Order in which the components are listed in the form. The browser will display form fields in the order in which they are included in the form.
Use of container forms. For example, to create a vertical row of buttons, use the <ButtonRow> container component.
Many forms are not visible to the user but help process data from an external resource through the resource adapter before passing it into Waveset. In visible forms, too, some components can be hidden. These hidden components are used to process this incoming data as well as to transform data in visible forms.
Some hidden processing within forms is carried out by the methods in the FormUtil Java class. These are frequently used when populating lists in forms from information retrieved dynamically from an external resource.
This section discusses the following tasks, which permit you to process data and optionally hide this processing in forms. Typical tasks include:
Adding a Password Confirmation Challenge
Including XPRESS Logic Using Derivation and Expansion elements
Calling Methods to Populate Lists
Building DN strings
Getting a list of object types for which the session owner has access
Getting a list of organizations
Getting a list of unassigned resources
Obtaining a list of resource object names
Disabling components
Hiding components
You can add a password confirmation challenge to select forms by adding a RequiresChallenge property. When this feature is enabled, Waveset will challenge the currently logged-in administrator for his password before processing a request. The forms that support this option include:
userForm (Tabbed User form, Wizard User form, and default User form)
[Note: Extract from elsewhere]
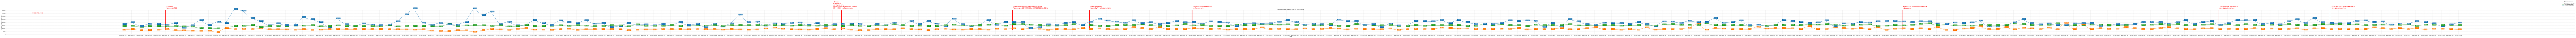 Гистограмма, показывающая среднюю стоимость квадратного метра недвижимости в Крыму по дням c 2023-06-01 по 2024-02-29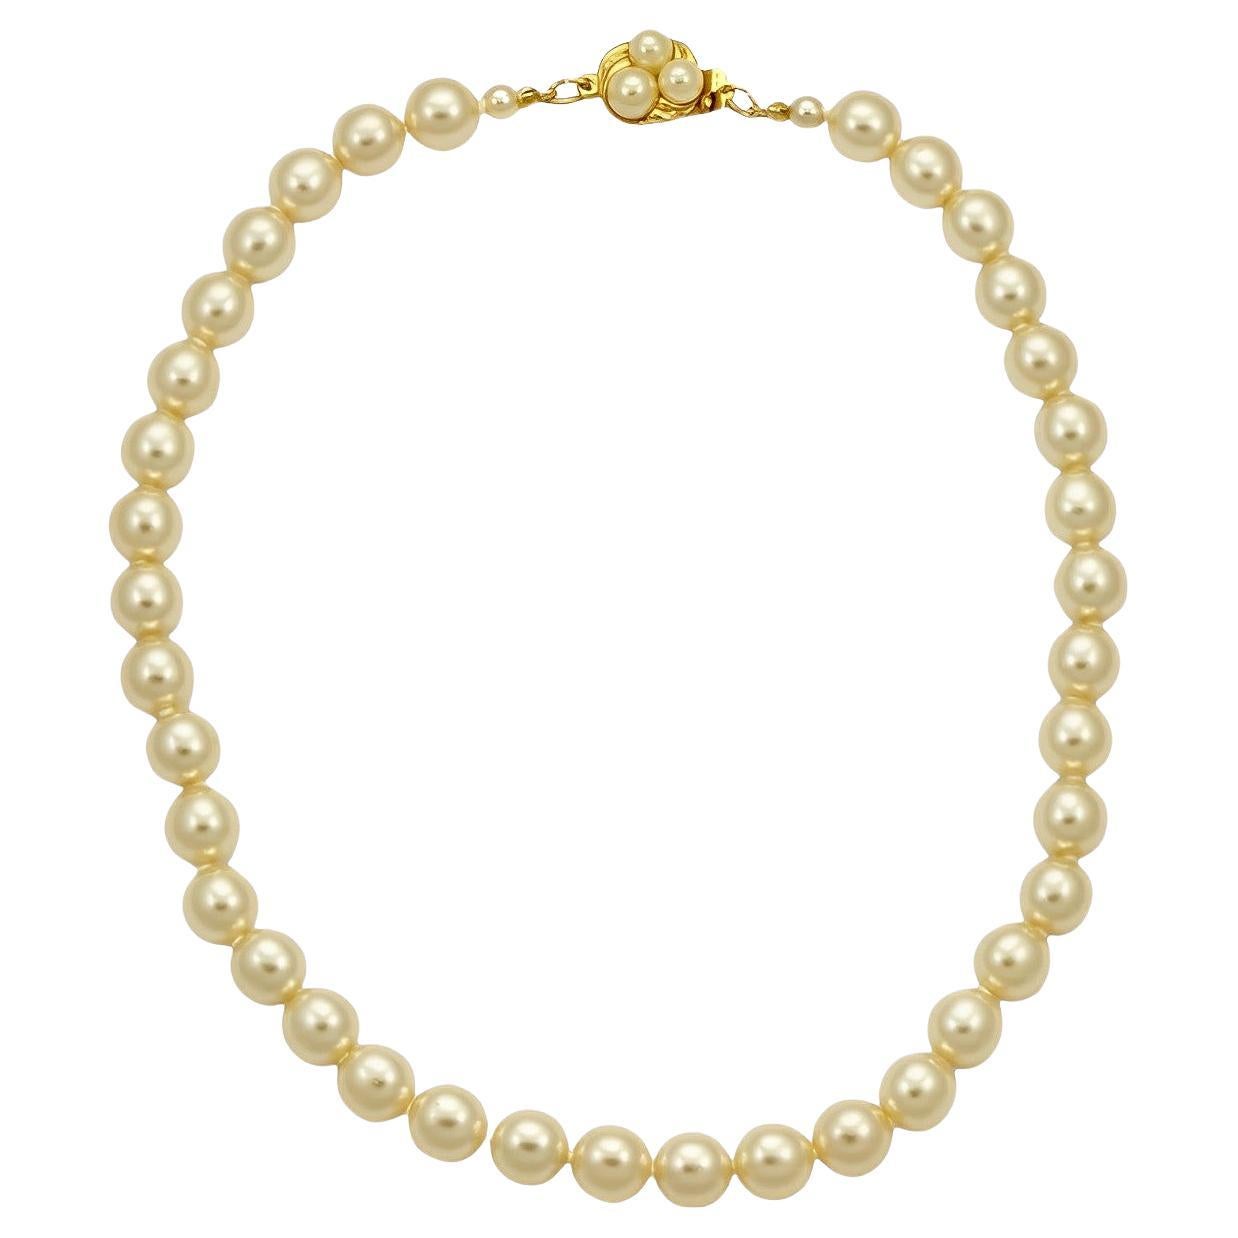 Collier de perles en verre crème avec fermoir en plaqué or et perles

changePassword (by default, Change Password form)
reset PasswordForm (by default, Reset User Password form)
You specify this property differently for each form.
To add a password confirmation challenge to a user form, add the following RequiredElement element as shown below, with substitutions for password, email, and fullname:
<Property name='RequiresChallenge'> <List> <String>password</String> <String>email</String> <String>fullname</String> </List> </Property>
The value of the property is a list of one or more of the following User view attribute names: applications, adminRoles, assignedLhPolicy, capabilities, controlledOrganizations, email, firstname, fullname, lastname, organization, password, resources, roles.
To add a password confirmation challenge to either changePassword or resetPassword form, add the following <RequiresChallenge> element as shown below, with substitutions for password, email, and fullname:
<Property name='RequiresChallenge' value='true'/>
where the value of property can be either true or false.
If the property is set to true in the form, Waveset will challenge the current administrator who is requesting the change to enter the password he used to log in to Waveset. If the challenge is not successful (that is, the current administrator's password is not entered), Waveset will not permit the challenge. If the challenge is successful, Waveset will permit the change request to proceed. Both password management forms support the use of the RequiresChallenge form property. When this property is set to true, the user is prompted to enter the old password after specifying the new password.
Typically, a field will have either a Derivation rule or an Expansion rule. If a field includes both types of rules, make sure that these fields do not conflict with each other.
You implement the <Expansion> and <Derivation> components to use XPRESS to calculate values for form fields. These expressions are similar, differing only in the time at which the expression is evaluated. Derivation rules are typically used to set the value of the field when the form is loaded. Expansion rules are used to set the value of the field whenever the page is recalculated or the form is saved.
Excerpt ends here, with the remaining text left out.